Quand on lit cette formule, le législateur n’a dit nulle part que les procureurs doivent contrôler le respect d’une certaine prescription que le juge devrait observer avant de requérir la force publique pour son exécution forcée. C’est simplement un ordre que la loi donne aux procureurs à cet effet, sans une autre forme de contrôle.

En procédant comme il l’a fait, le ministre a institué un contrôle administratif du ministère public et au fond et en réalité, du ministre de la justice qui en est le chef, sur les actes juridictionnels des juges qui ne le sont que dans le cadre d’un recours juridictionnel. Ce qui constitue une violation flagrante de l’article 52 du code de l’organisation judiciaire. Du coup, l’on est fondé à conclure à une dérive autoritaire grave.

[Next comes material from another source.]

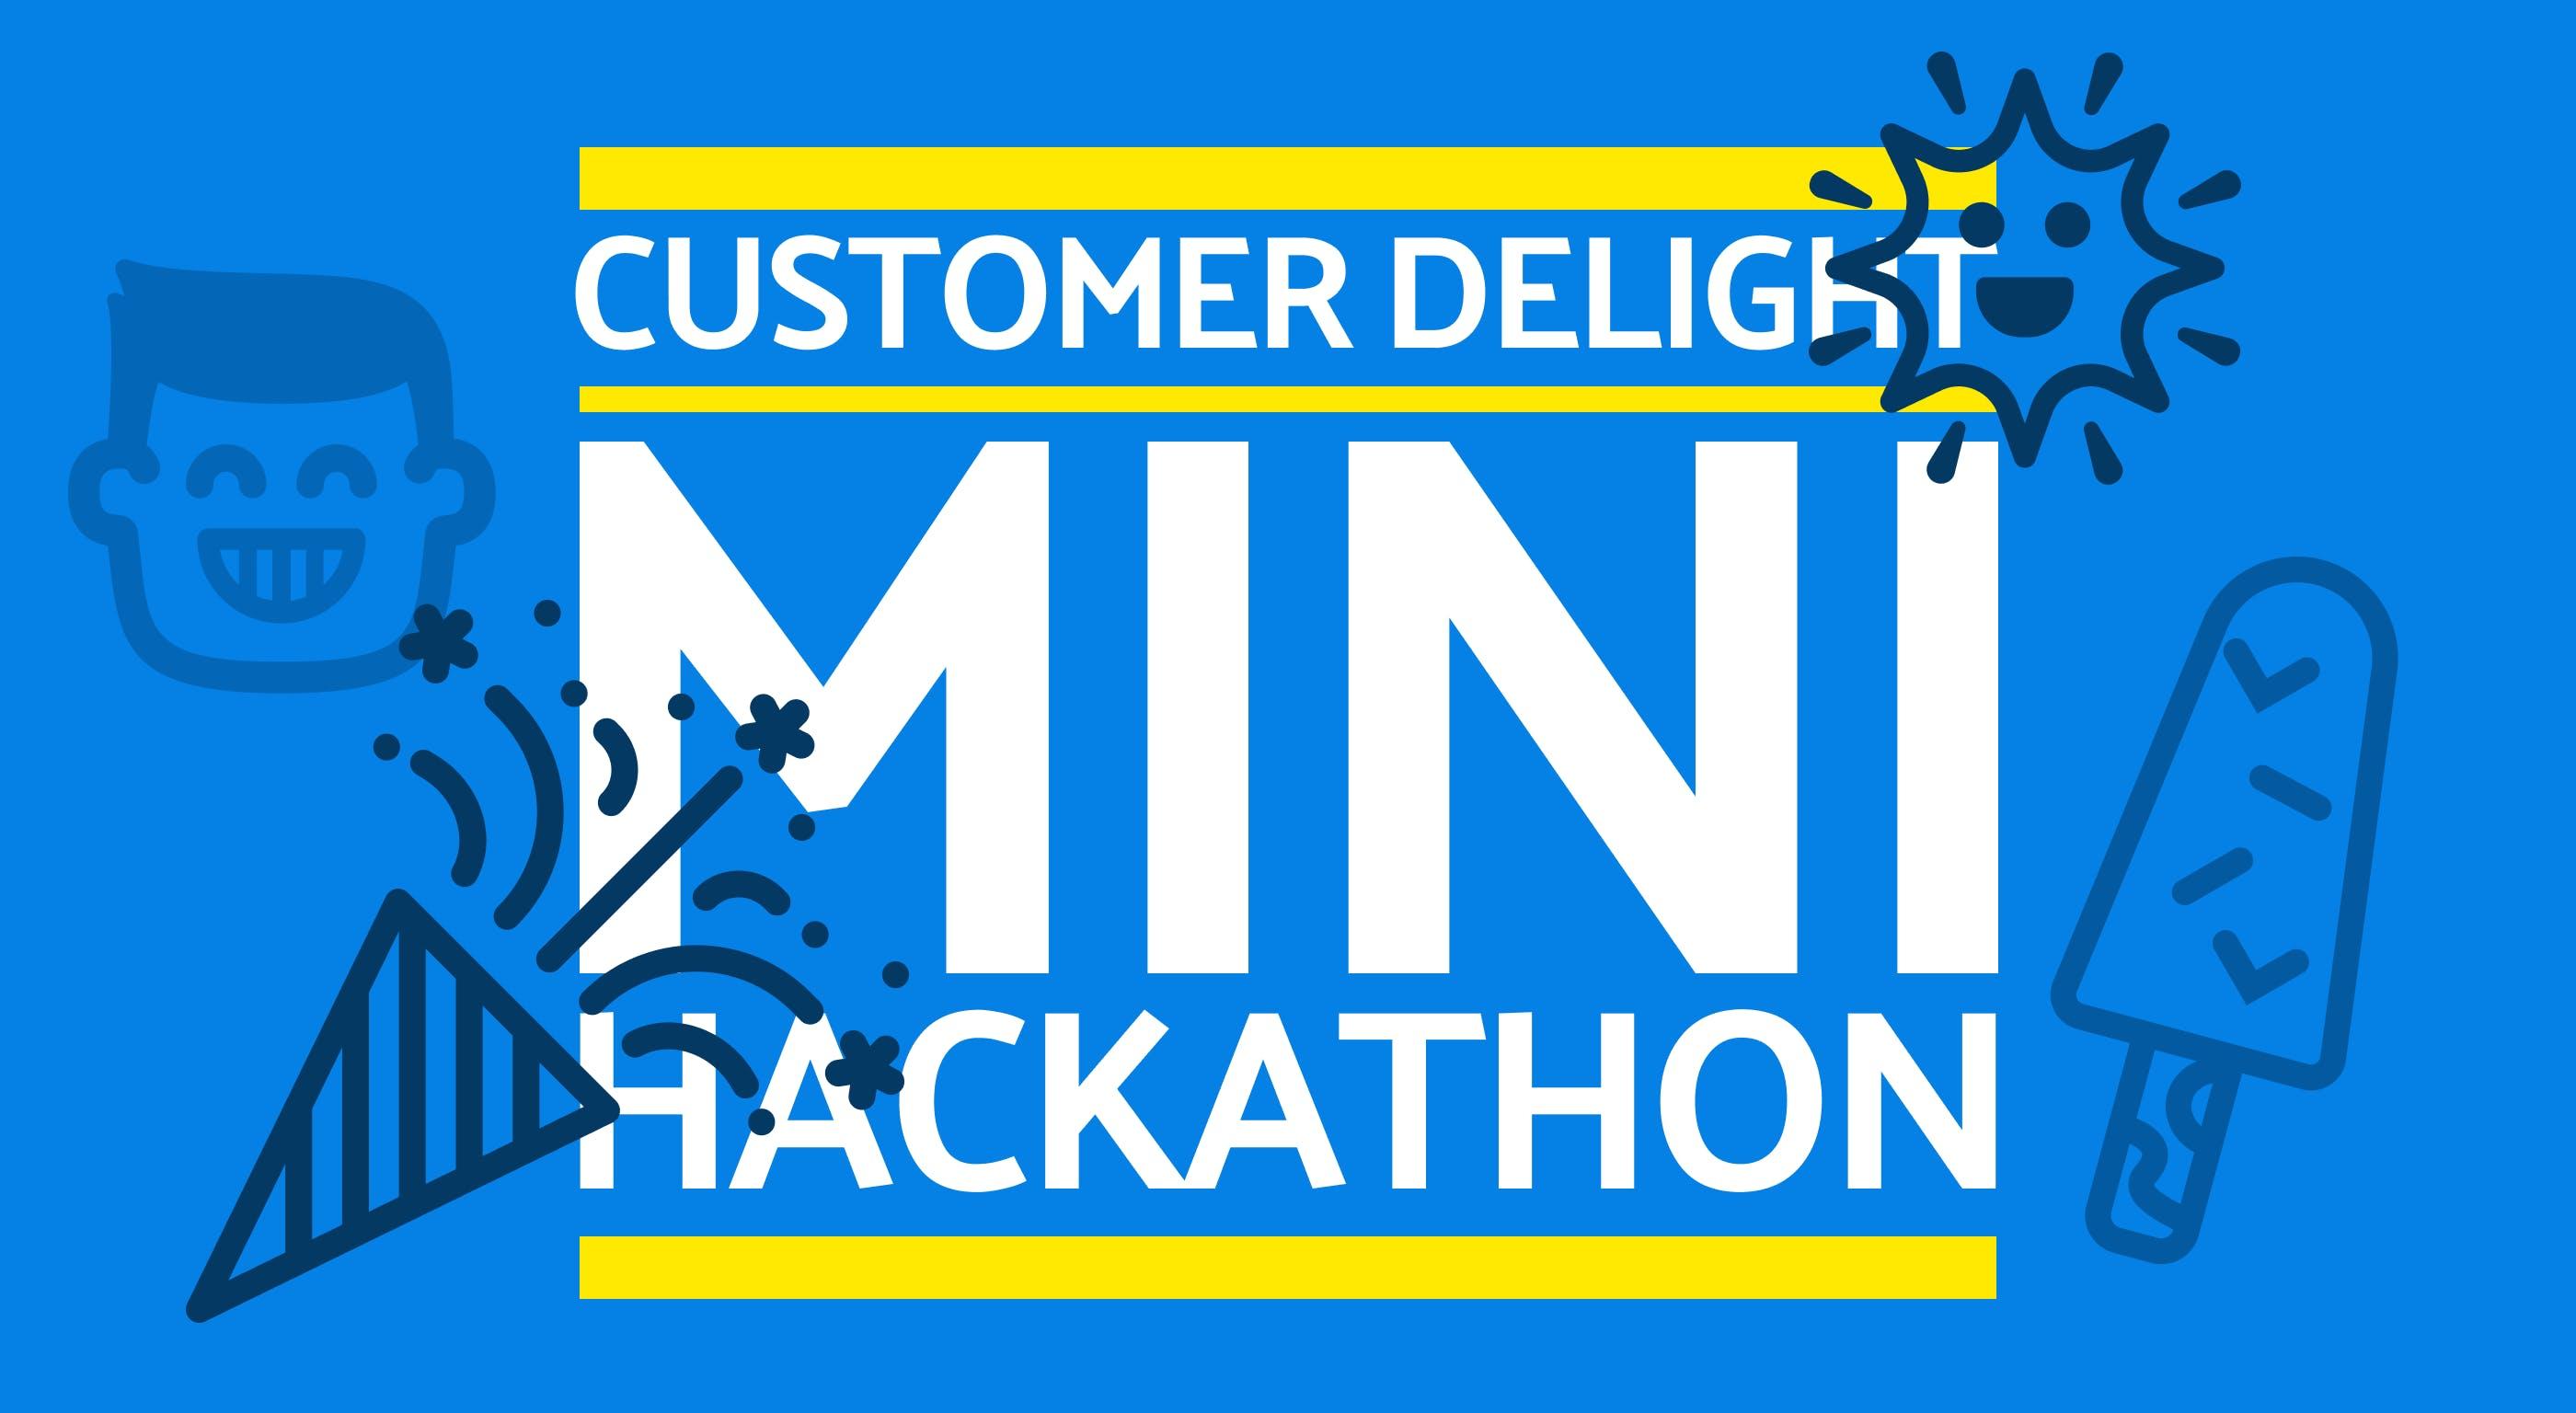 Cuckoo customer delight mini-hackathon June 2021

Il faudrait ainsi que les circulaires objets de discorde entre le ministre de la justice, l’USYMAT et l’ANM, au regard de leur caractère illégal, soient revues dans l’intérêt de la loi et des populations.

Au vu de ces éléments, ainsi présentés sans passion ni parti pris, l’on comprend aisément le bien fondé des observations de l’Union Syndicale des Magistrats du Togo (USYMAT) suivie d’ailleurs par l’Association Nationale des Magistrats (ANM) qui ont clairement établi les violations contenues dans les circulaires du ministre de la justice. Il serait mieux pour le bien de tous, de mettre balle à terre, de faire profil bas et de discuter (comme cela aurait pu être le cas avant la prise de ces circulaires) afin de trouver des solutions adéquates, au lieu de persister à travers des procédures disciplinaires alambiquées, à moins que l’on veuille régler des comptes personnels ou poursuivre un autre objectif pour l’instant ignoré.

La justice est le baromètre de l’équilibre de toute société, son assainissement ne peut qu’être salué par tout le monde à la fois, mais celui-ci doit naturellement s’opérer dans les règles de l’art, en harmonie parfaite avec les lois en vigueur.